Question

Charge of uniform density (80 nC/m3) is distributed throughout a hollow cylindrical region formed by two coaxial cylindrical surfaces of radii 1.0 mm and 3.0 mm. Determine the magnitude of the electric field at a point which is 2.0 mm from the symmetry axis.

Answer 1

Answer: Magnitude of the electric field at a point which is 2.0 mm from the symmetry axis is 18.08 N/C.

Explanation:

Given: Density = 80 $nC/m^{3}$ (1 n = $10^{-9}$ m) = $80 \times 10^{-9} C/m^{2}$

$r_{1}$ = 1.0 mm (1 mm = 0.001 m) = 0.001 m

$r_{2}$ = 3.0 mm = 0.003 m

r = 2.0 mm = 0.002 m (from the symmetry axis)

The charge per unit length of the cylinder is calculated as follows.

$\lambda = \rho \pi (r^{2}_{2} - r^{2}_{1})$

Substitute the values into above formula as follows.

$\lambda = \rho \pi (r^{2}_{2} - r^{2}_{1})\\= 80 \times 10^{-9} \times 3.14 \times [(0.003)^{2} - (0.001)^{2}]\\= 2.01 \times 10^{-12} C/m$

Therefore, electric field at r = 0.002 m from the symmetry axis is calculated as follows.

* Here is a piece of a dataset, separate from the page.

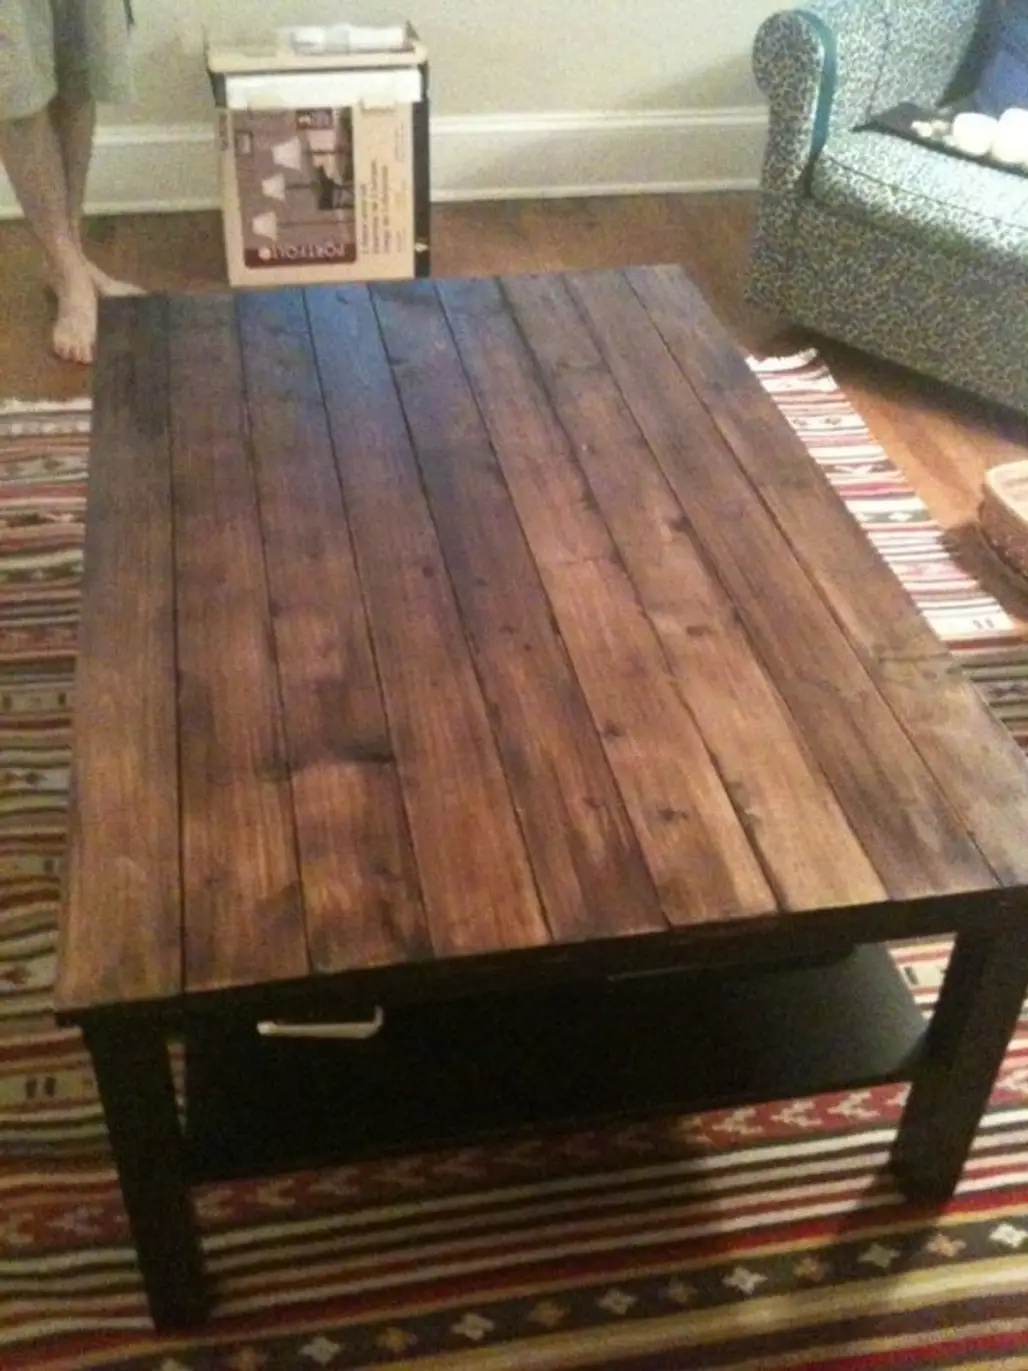 furniture,man made object,table,hardwood,wood,

$E = \frac{\lambda}{2 \pi r \epsilon_{o}}$

Substitute the values into above formula as follows.

$E = \frac{\lambda}{2 \pi r \epsilon_{o}}\\= \frac{2.01 \times 10^{-12} C/m}{2 \times 3.14 \times 0.002 m \times 8.85 \times 10^{-12}}\\= 18.08 N/C$

Thus, we can conclude that magnitude of the electric field at a point which is 2.0 mm from the symmetry axis is 18.08 N/C.